3. Analyze and Delete Large Files

Sometimes, large files hidden deep down in the directory tree occupy a lot of disk space and are hard to find. Identifying and purging these large files can free up significant disk space.

To find files larger than a certain size, use the following command.

find /path/to/search -type f -size +100M -exec ls -lh {} \;

The find command combined with exec enables you to quickly locate and purge files based on specific criteria. For example, here we're searching for files of size 100MB and above.

find /path/to/search -type f -size +100M -delete

Here, we're finding all the files of size equal to or greater than 100MB for the given path /path/to/search/ and subsequently deleting them. I'll warn you to use deletion commands with utmost care to avert any accidental deletion of important data.

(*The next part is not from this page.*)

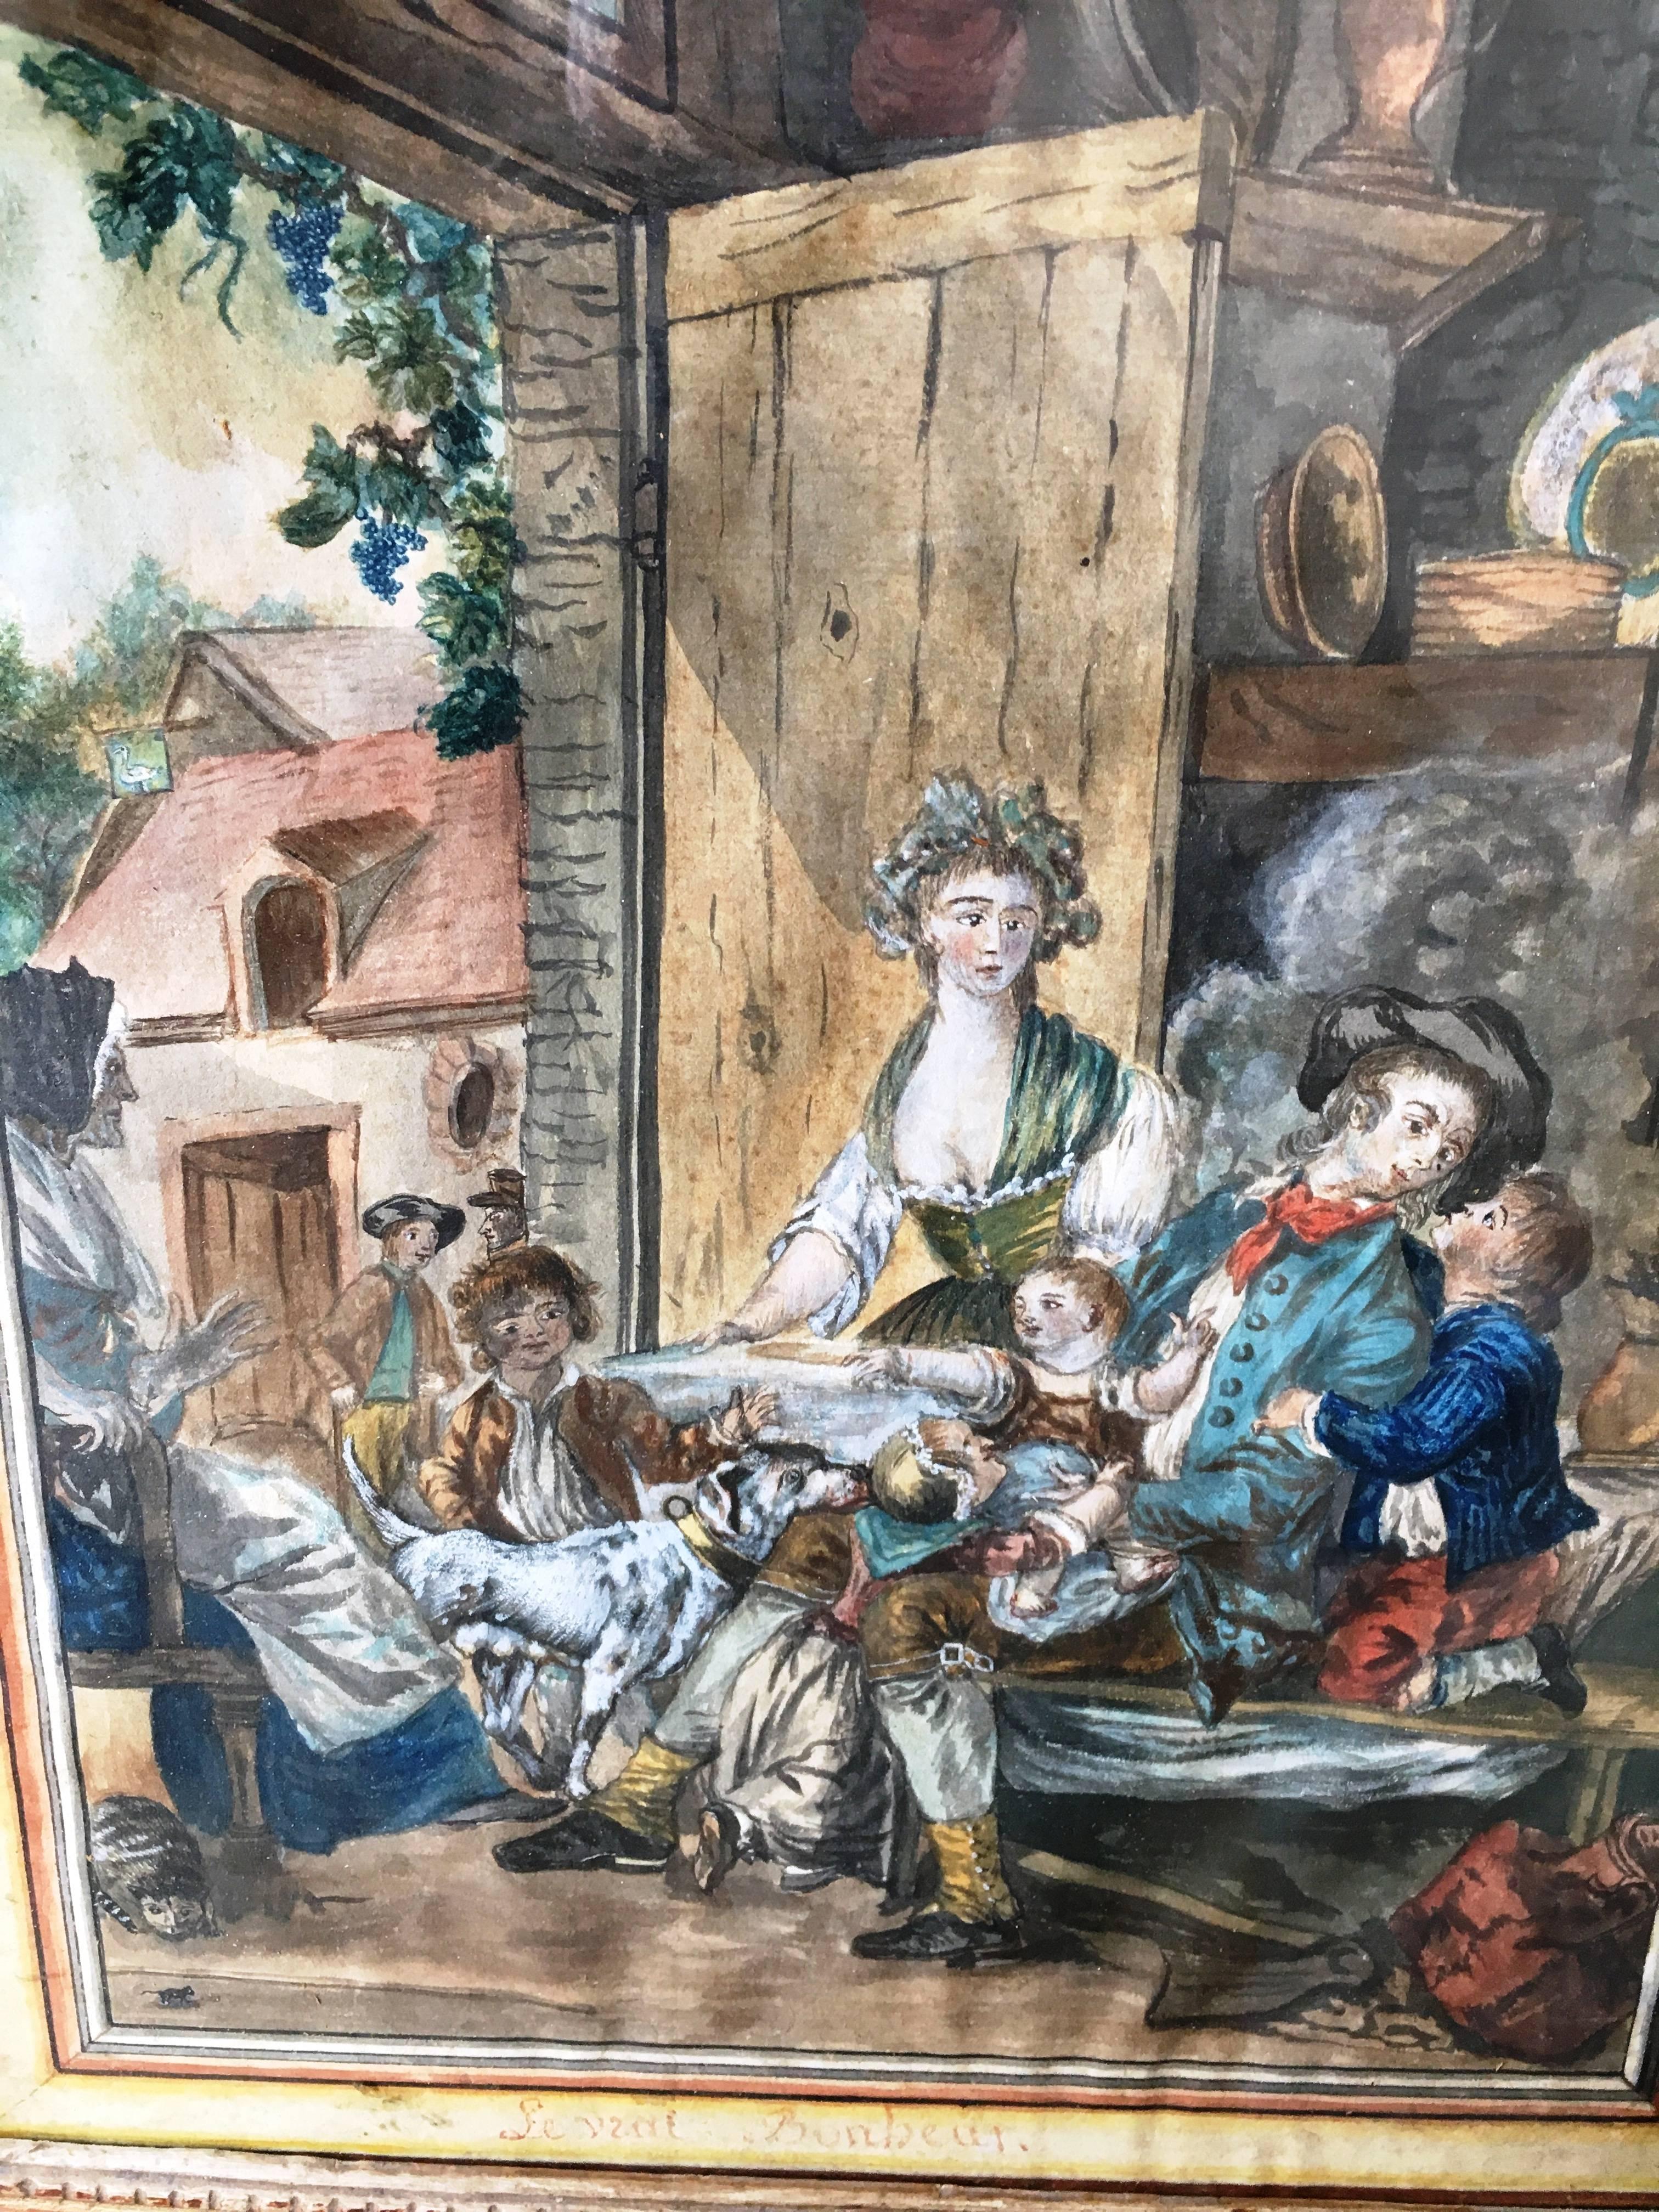 A charming 18th century gouache painting of a provincial interior showing a family with children and pets, under glass in a period giltwood frame.
Titled: Le Vrai Bonheur (True Happiness).

4. Compress and Archive Files

A lot of disk space can be saved by compressing and archiving files. Files that are large but at the same important too can be compressed if they are not used on a daily basis.

To create a tar archive:

tar -czvf archive.tar.gz /path/to/directory

Remember, if the file in question is huge, the compression process may take some time. It's best to run this command in the background if you have other important things to do in the pipeline.

tar -xzvf archive.tar.gz

To extract the previously compressed archive, use the command shown above. Make sure you're not overwriting it on the newer version of the same file. Extract it in a new location to prevent any data loss.

5. Manage Log Rotation

If not checked, system log files can quickly consume a huge amount of disk space. Enabling log rotation ensures that log files are compressed or deleted after reaching a certain size or age.

This whole process can be automated easily. All you need is the logrotate utility. Configuration files for logrotate are typically found in the /etc/logrotate.d/ directory.

sudo nano /etc/logrotate.d/myapplication   

/path/to/myapplication/logs/*.log { 
    size 100M
    rotate 5
    compress
    missingok
    notifempty
}

A sample configuration is shown above which can be modified as per your requirements. Here, a log is rotated if the file size exceeds 100MB. Similarly, if 5 of them exist, it is rotated and the oldest one is deleted to make room for the new log file.

The compress directive is self-explanatory. The missingok ensures you do not get an error message if a log file is missing. And, the last directive notifempty does not rotate a log file if it is empty.

6. Use Disk Quotas

If multiple users are working on your Linux system, it is advisable to enforce disk quotas on these users and groups. It'll ensure nobody uses excessive disk space without any checks.

To enable disk quotas, you must modify the /etc/fstab file:

sudo nano /etc/fstab

# Add the 'usrquota' or 'grpquota' option to the relevant disk partition:
/dev/sda1  /     ext4   defaults,usrquota  0  1

Depending on your requirements, you can provide the fstab config options in this file. To initialize disk quotas on the filesystem, use the following commands.

sudo quotacheck -cu /path/to/filesystem
sudo quotaon /path/to/filesystem

Remember, if you do not have a working knowledge of how Linux works with disks, I'll recommend skipping this part.

7. Monitor Disk Space

Disk space is a limited resource and should be consumed with care. Monitoring disk space on your Linux system is another important task one must perform on a regular basis. It helps in detecting anomalies and potential issues.

df -h

The most popular command to monitor disk space is df which is generally used with the -h switch to display the space consumed by each mounted filesystem in a human-readable format.

Conclusion

Efficiently managing disk space is essential for maintaining optimal performance and stability in a Linux environment. By regularly checking disk usage, removing unnecessary files, analyzing and deleting large files, compressing archives, managing log rotation, and utilizing disk quotas, administrators can ensure sufficient space and prevent disk-related issues.

Applying these techniques and commands will help keep your Linux system running smoothly and minimize the risk of disk space-related problems.